Exact retyping of the data: please keep every word and drop each picture.
BEGIN COLLECTED DATA
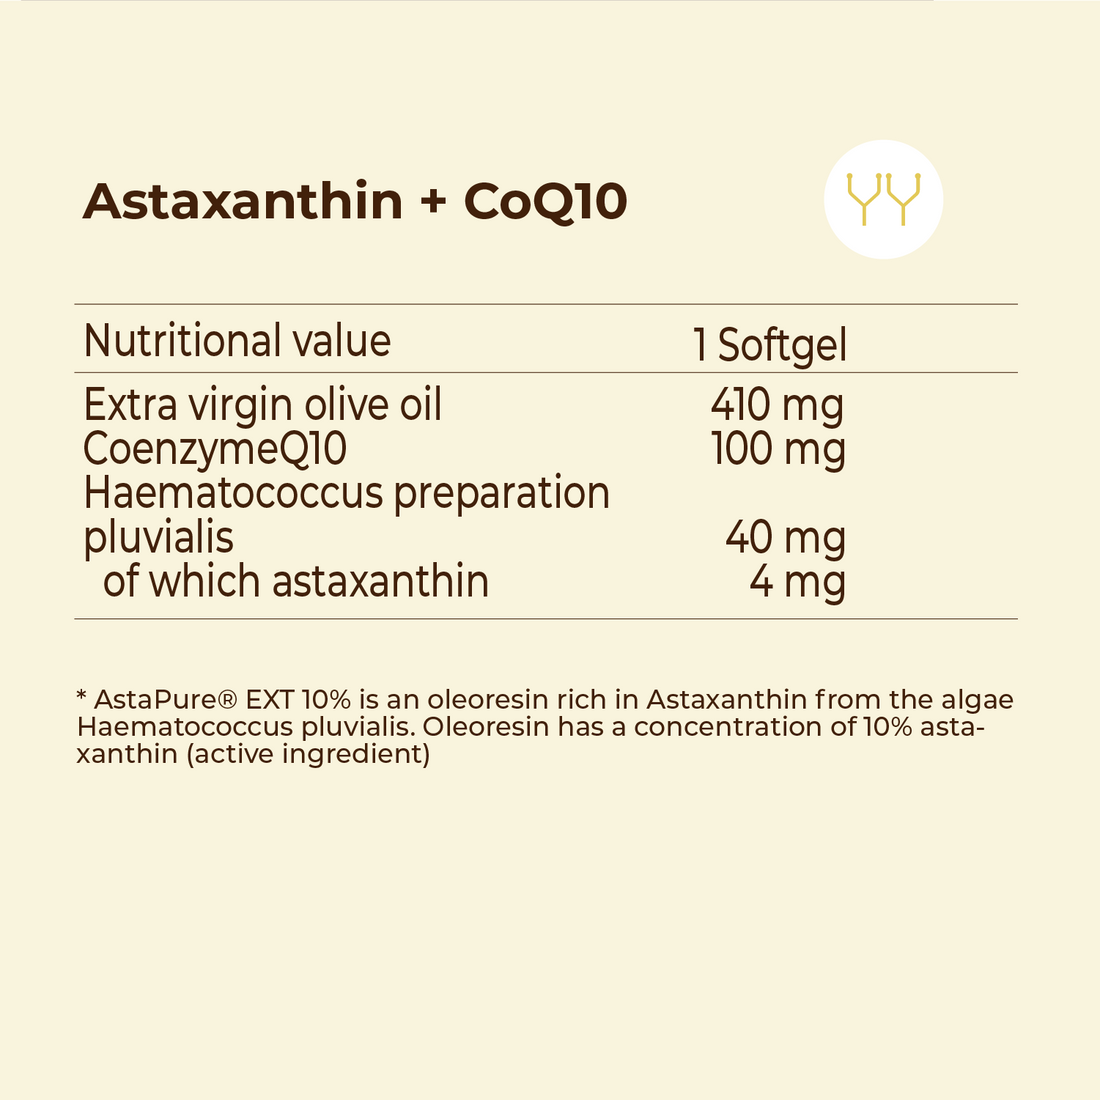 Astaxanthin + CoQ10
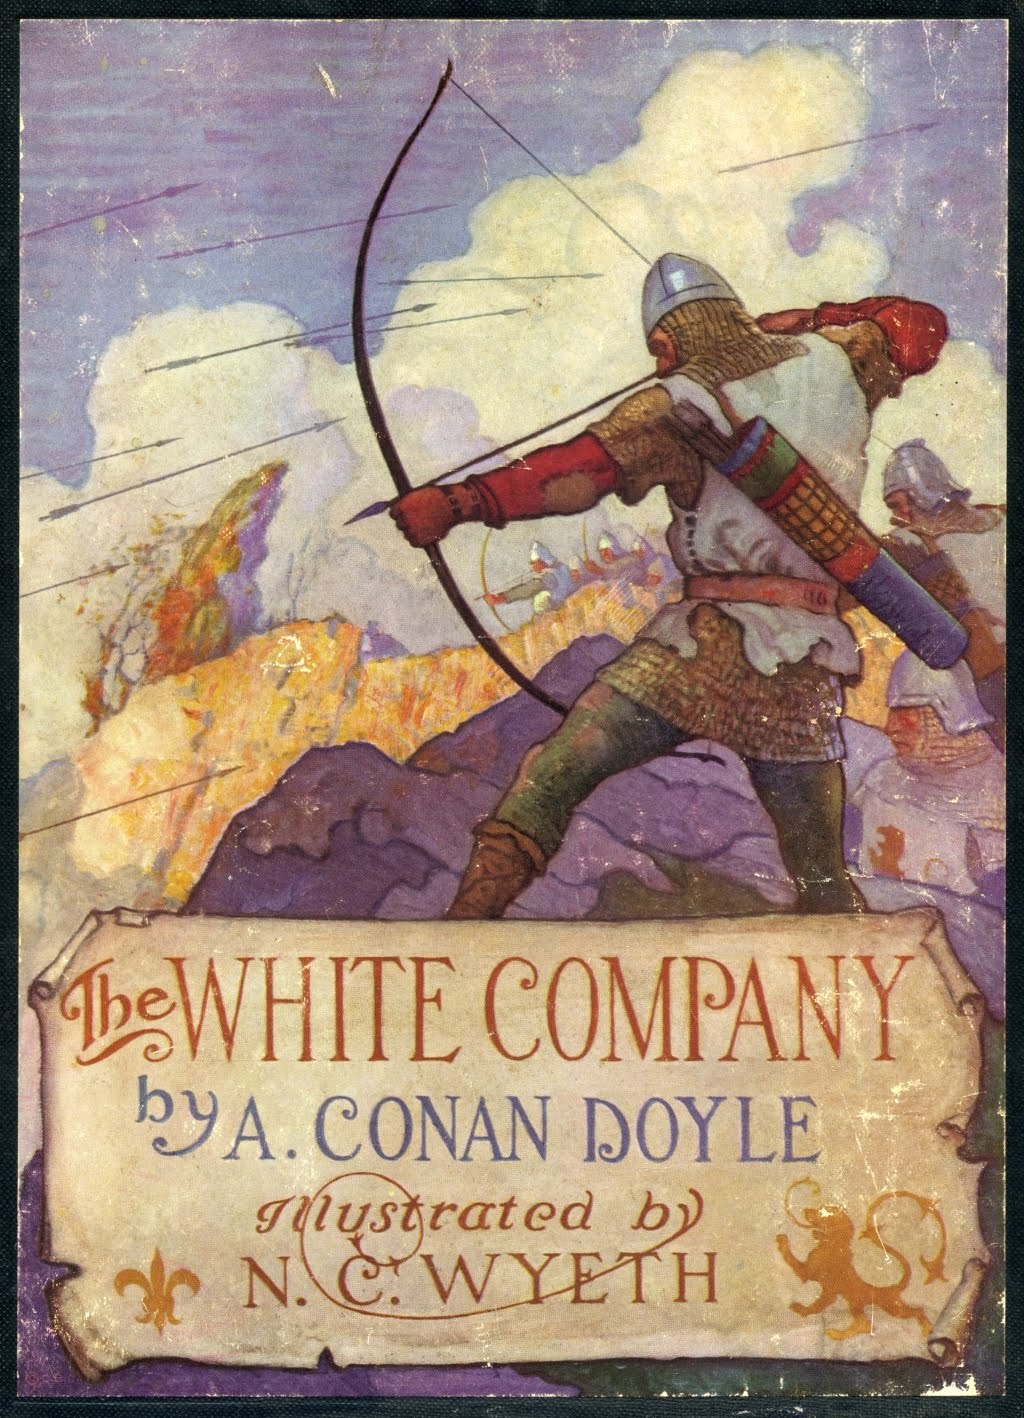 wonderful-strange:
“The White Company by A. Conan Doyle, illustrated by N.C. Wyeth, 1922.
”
END COLLECTED DATA
OUTPUT FOR THIS TASK ::
 Astaxanthin + CoQ10
 wonderful-strange:
“The White Company by A. Conan Doyle, illustrated by N.C. Wyeth, 1922.
”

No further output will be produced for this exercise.